Problem requirements: Please produce an exact copy of only the lines from the one with "wasabi restaurant town" through the last one of the material, without pictures.

Supplied data:
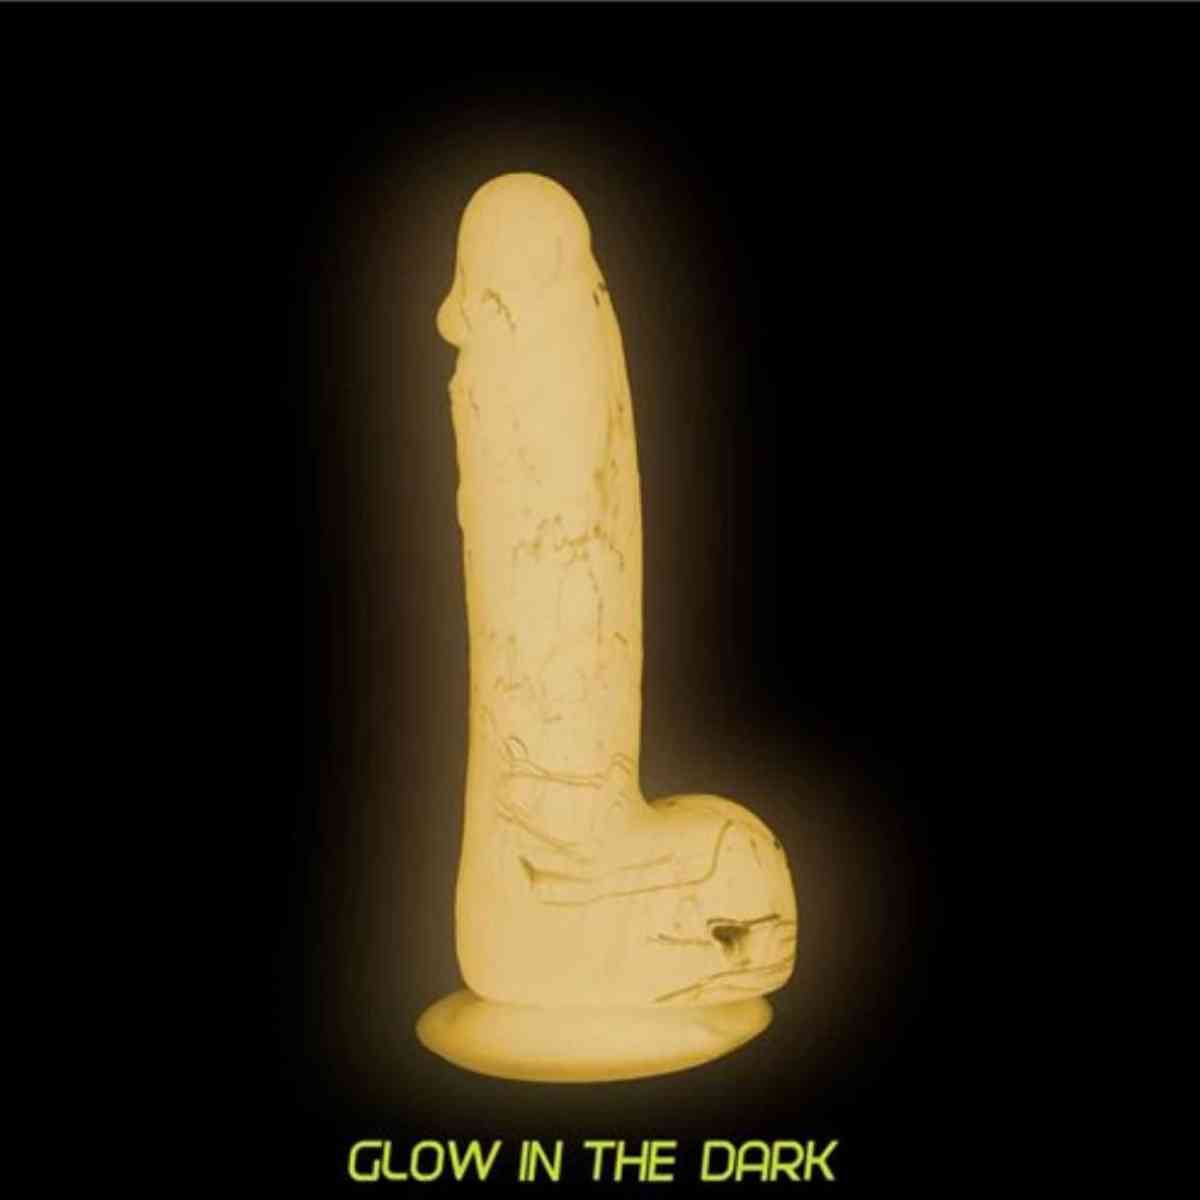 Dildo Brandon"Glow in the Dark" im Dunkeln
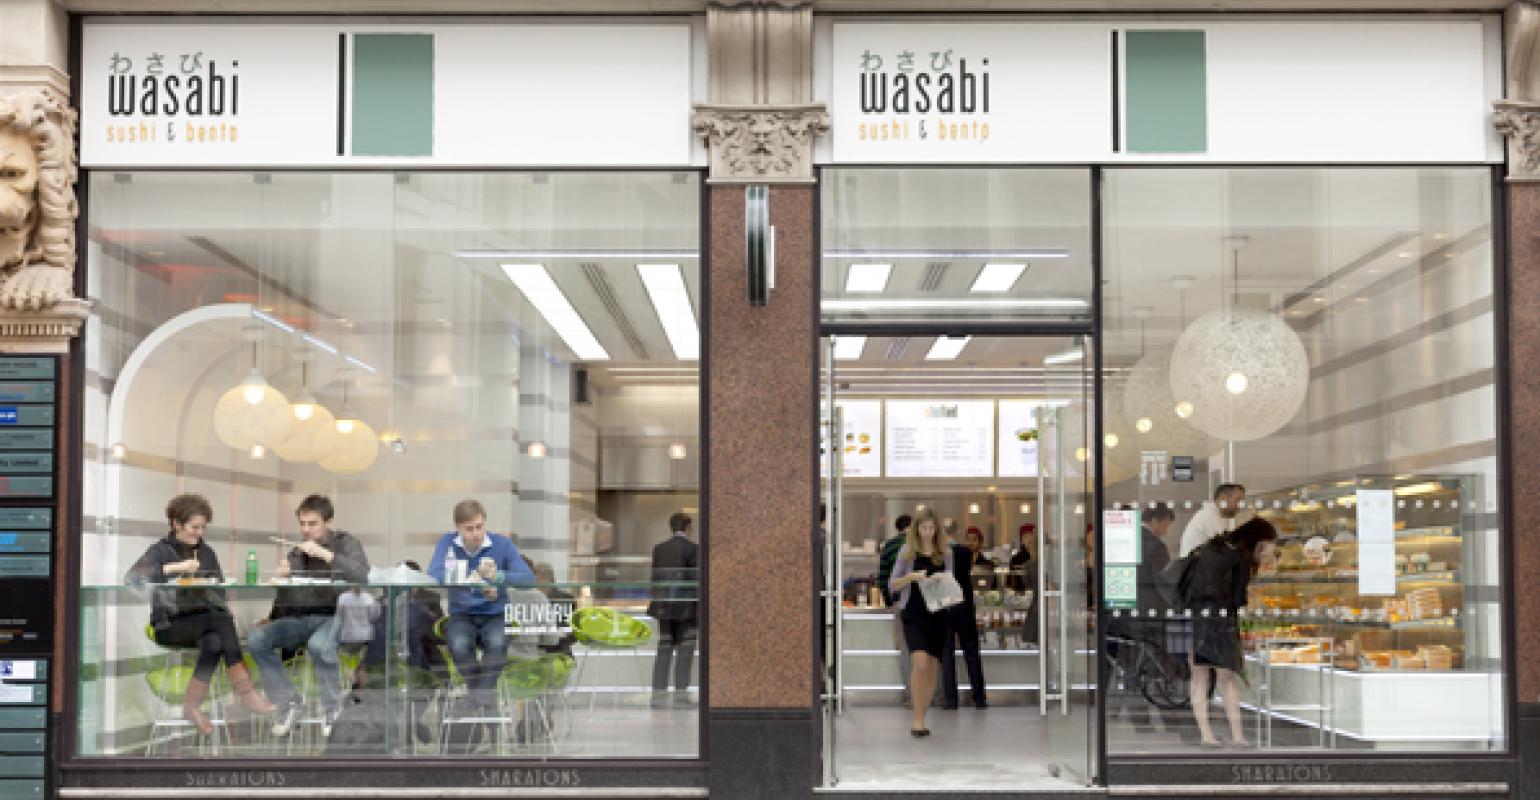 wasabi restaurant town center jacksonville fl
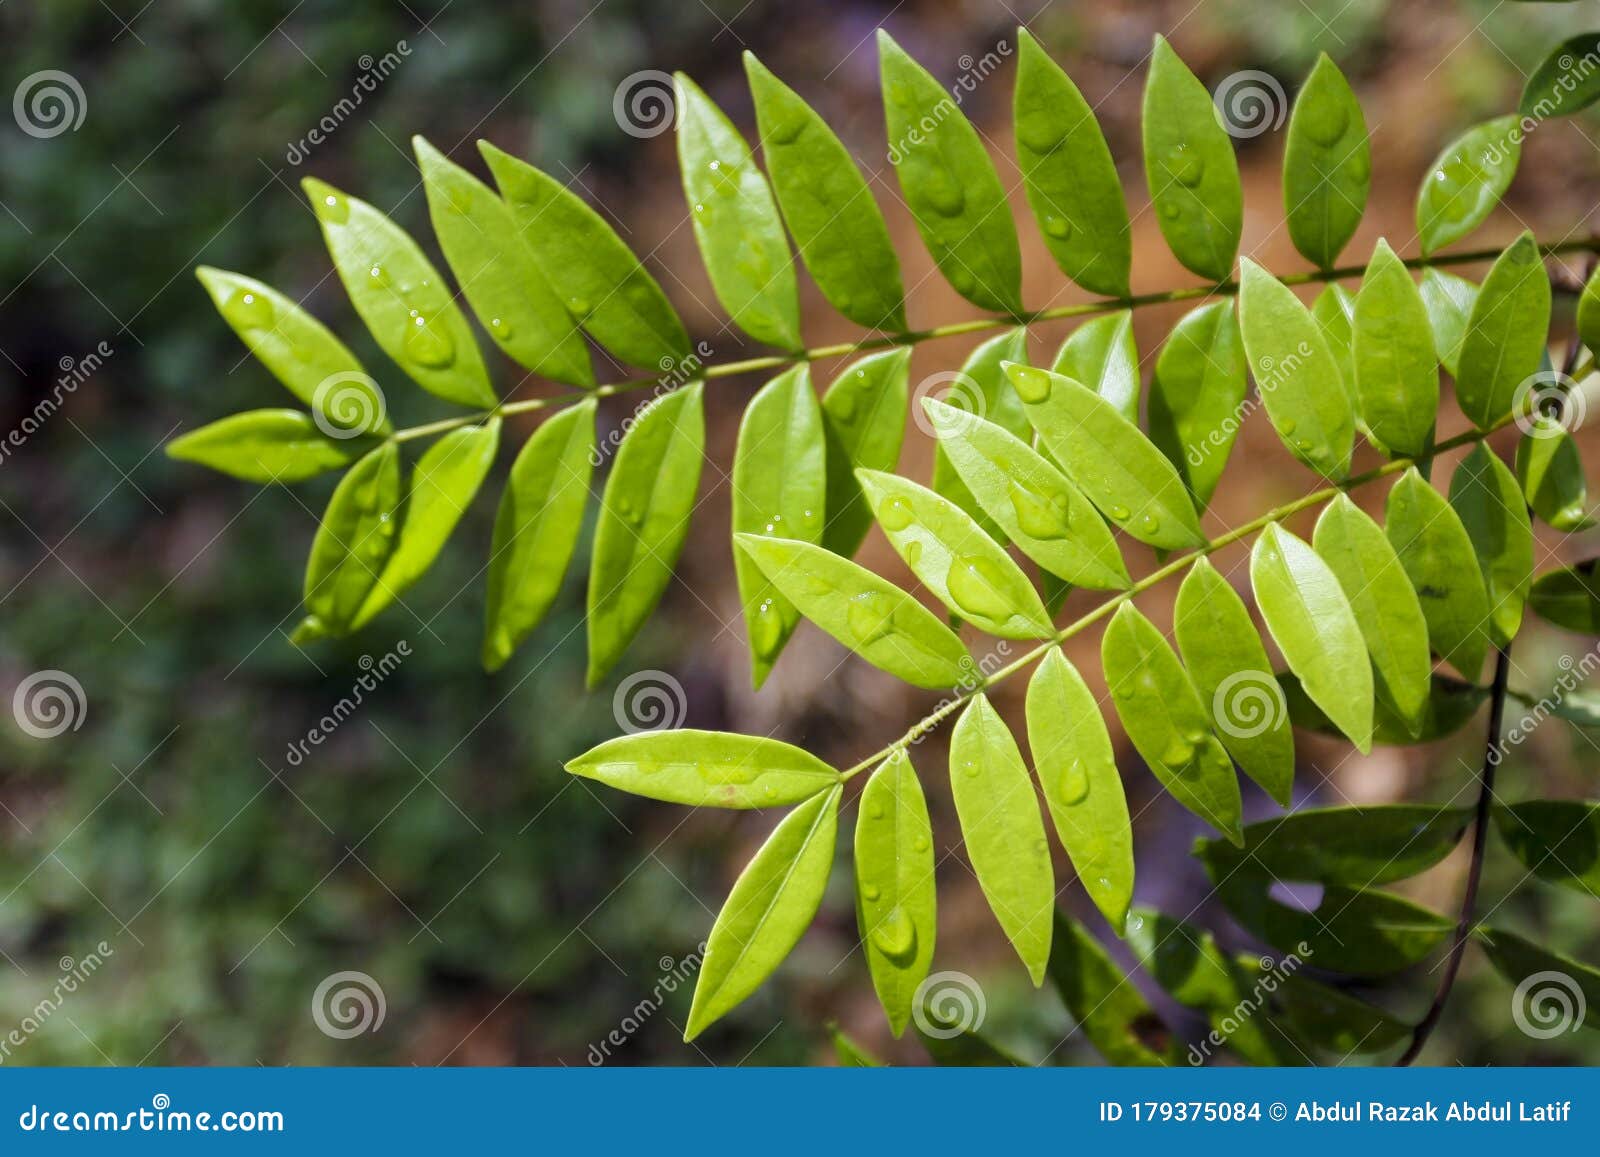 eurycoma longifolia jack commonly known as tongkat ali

Problem solution:
 wasabi restaurant town center jacksonville fl
 eurycoma longifolia jack commonly known as tongkat ali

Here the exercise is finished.